[INPUT DATA]
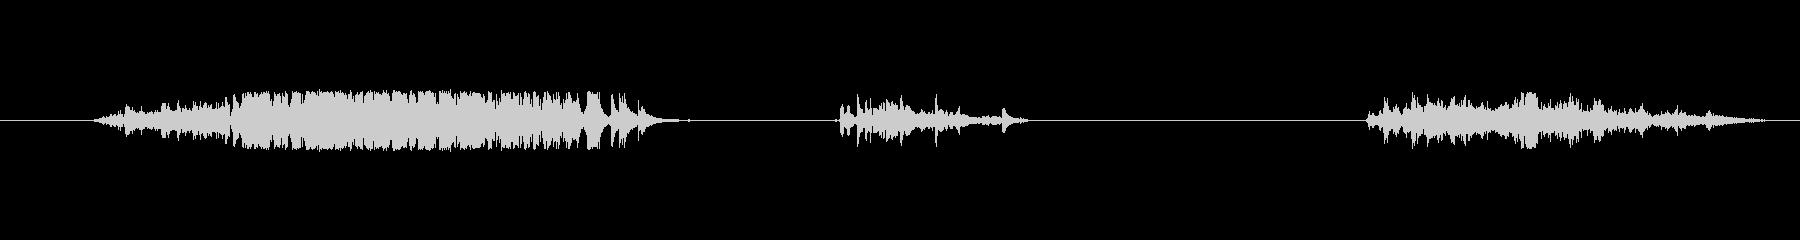 野獣 チョークデッドリー05の未再生の波形
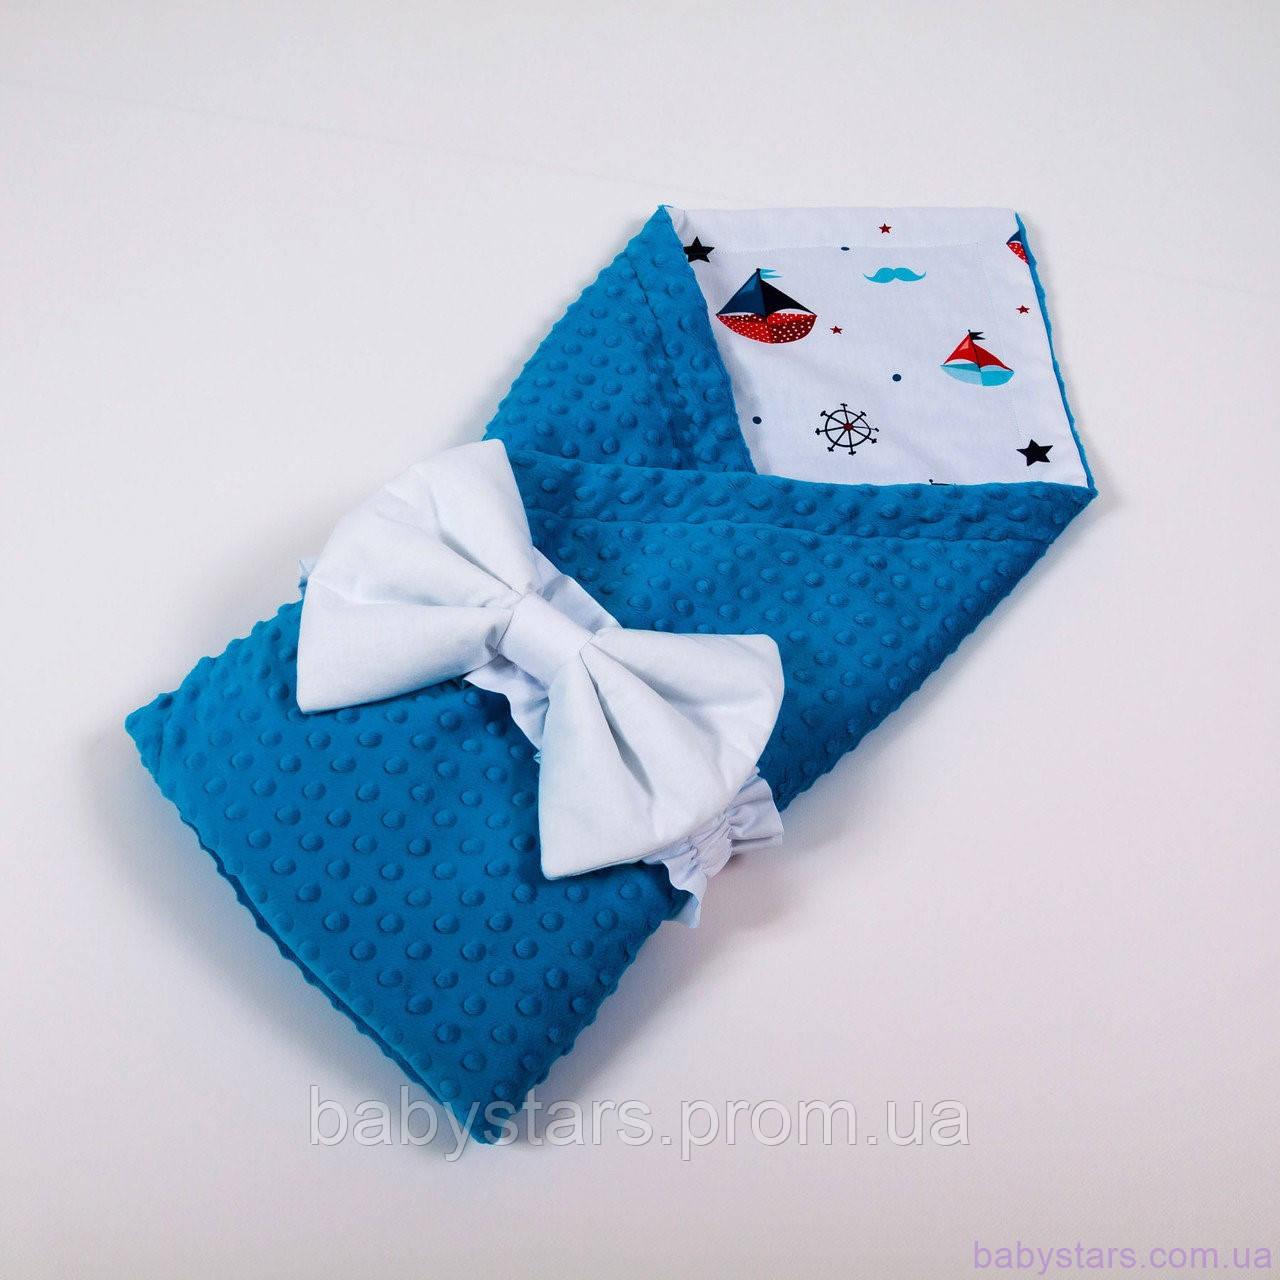 """Голубой конверт одеяло на выписку """"Кораблики на белом"""" 78*85 см"""
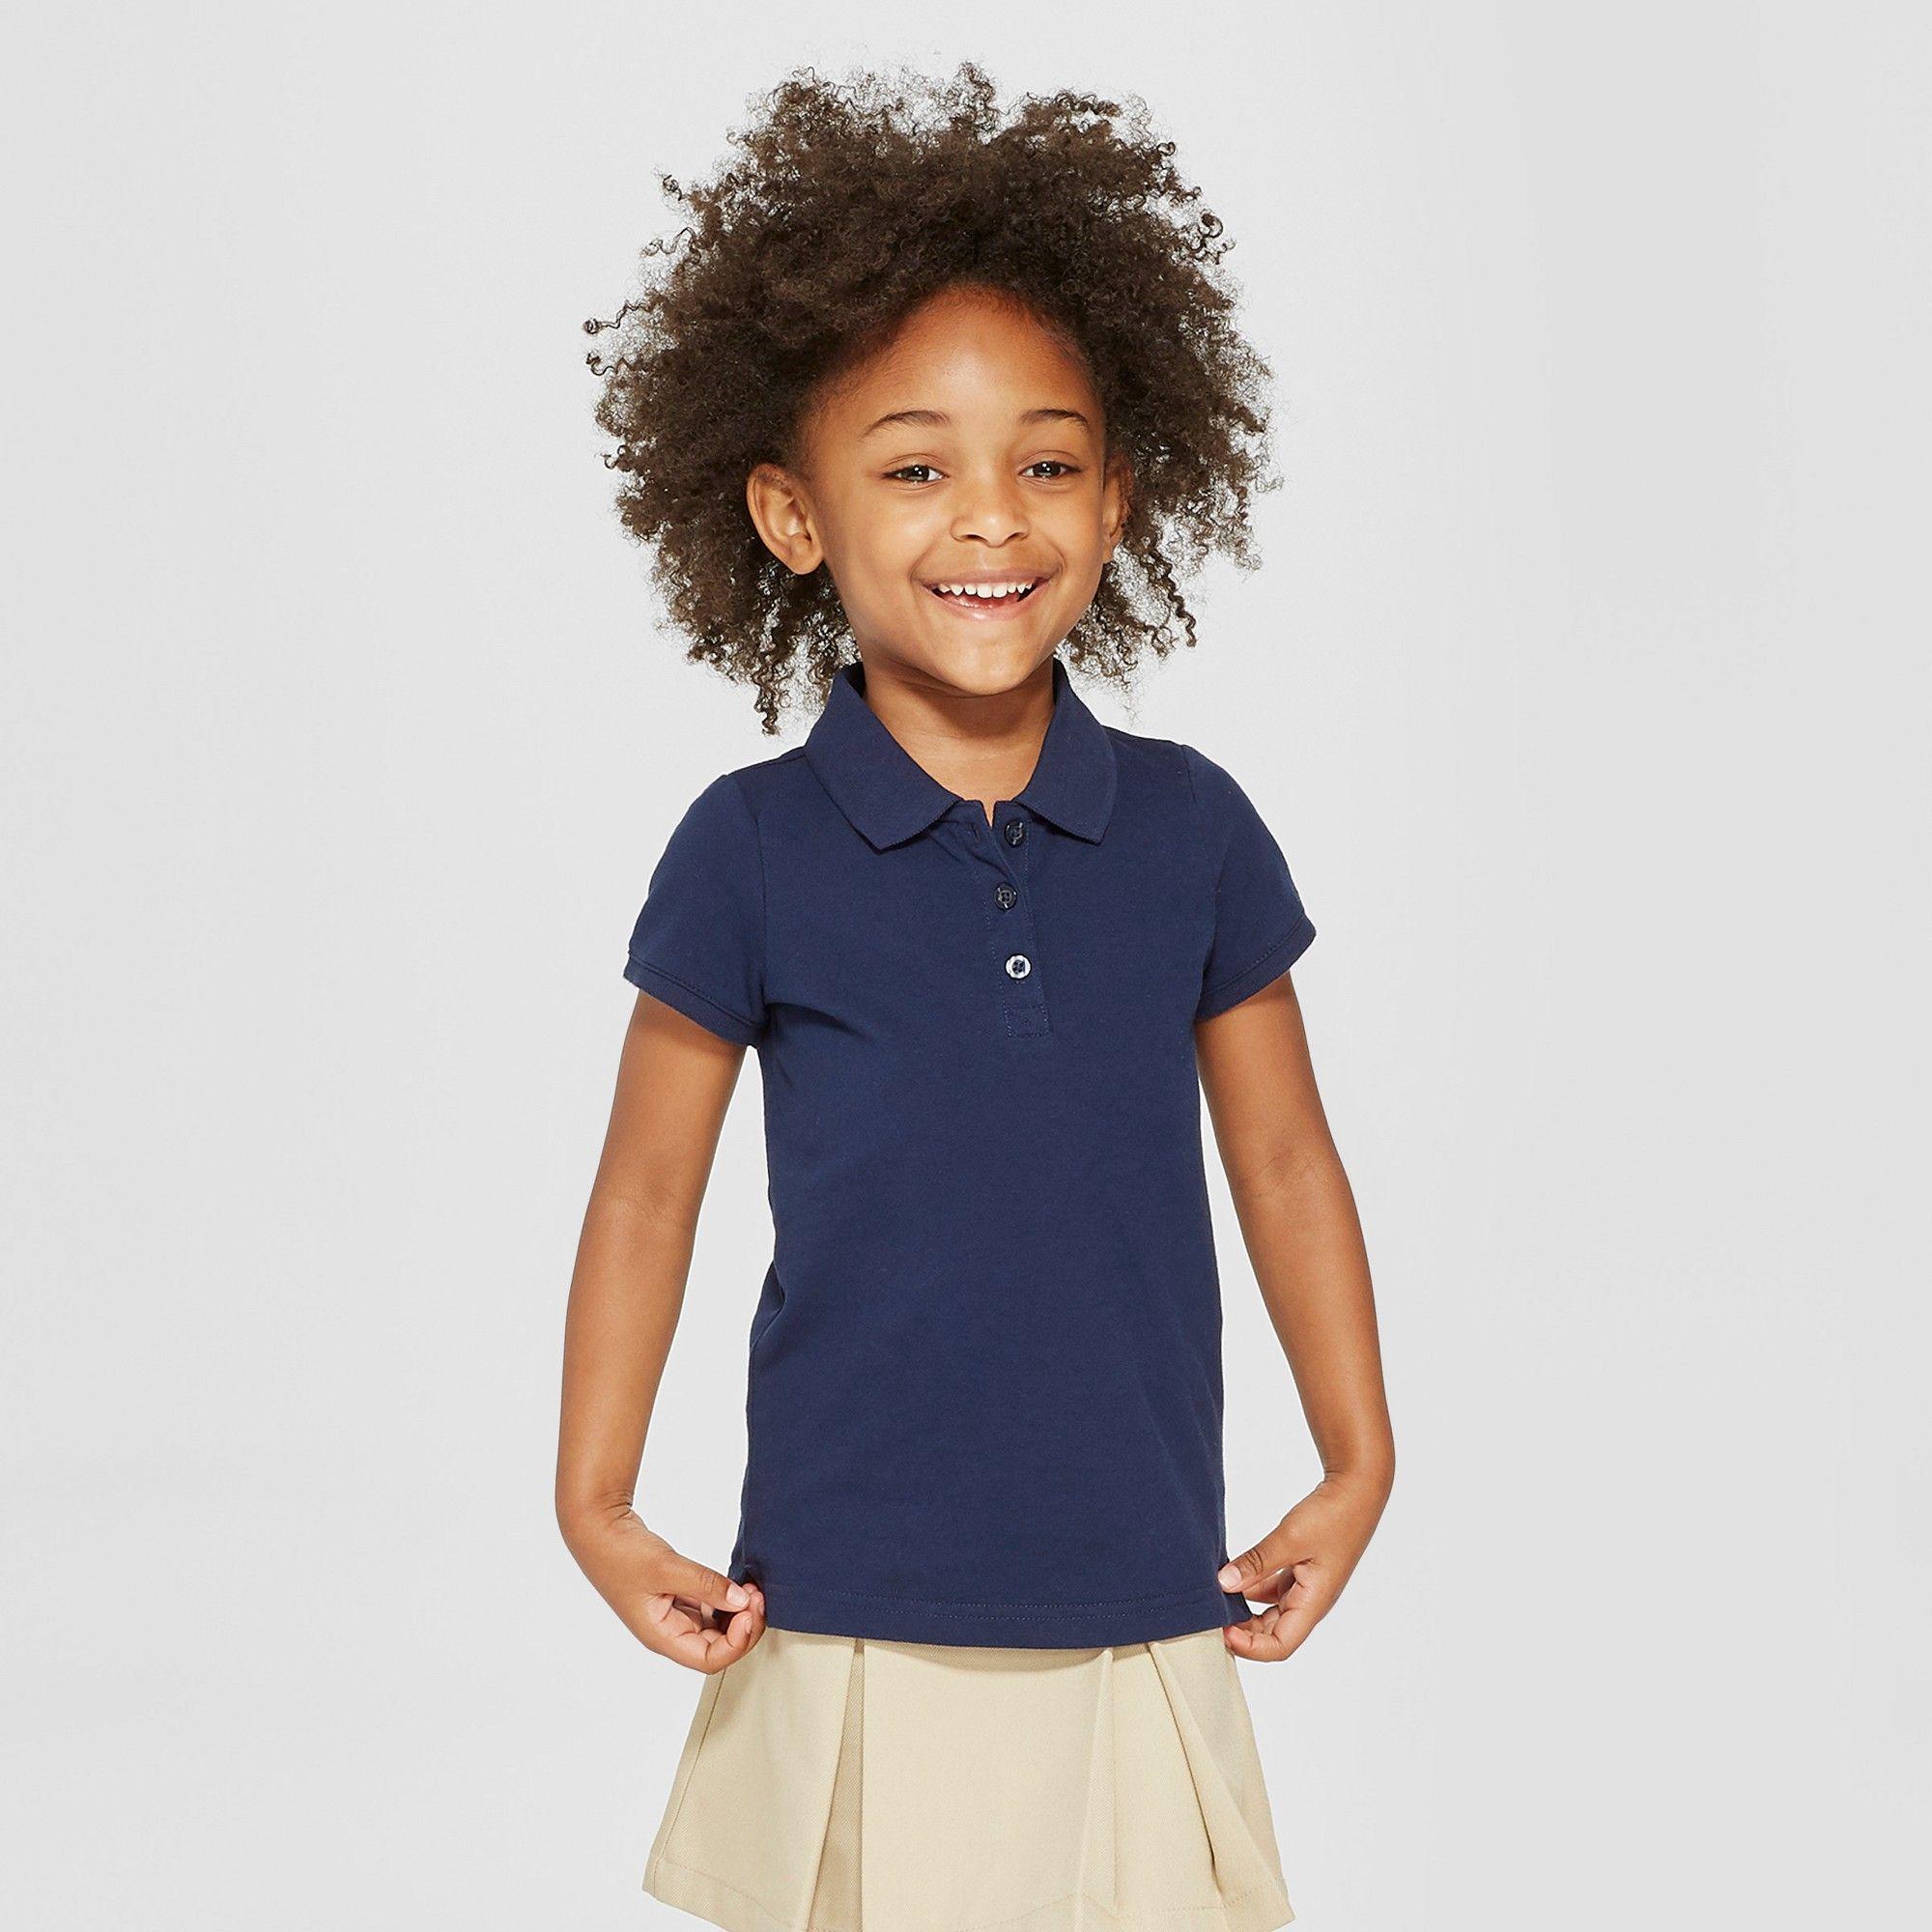 684487aac Toddler Girls' Short Sleeve Pique Polo Shirt - Cat & Jack Navy (Blue) 3T
[/INPUT DATA]
• **WHAT IS NEEDED**: In this exercise, set down all of the data exactly, without the pictures.

• **OUTPUT BELOW**:
 野獣 チョークデッドリー05の未再生の波形
 """Голубой конверт одеяло на выписку """"Кораблики на белом"""" 78*85 см"""
 684487aac Toddler Girls' Short Sleeve Pique Polo Shirt - Cat & Jack Navy (Blue) 3T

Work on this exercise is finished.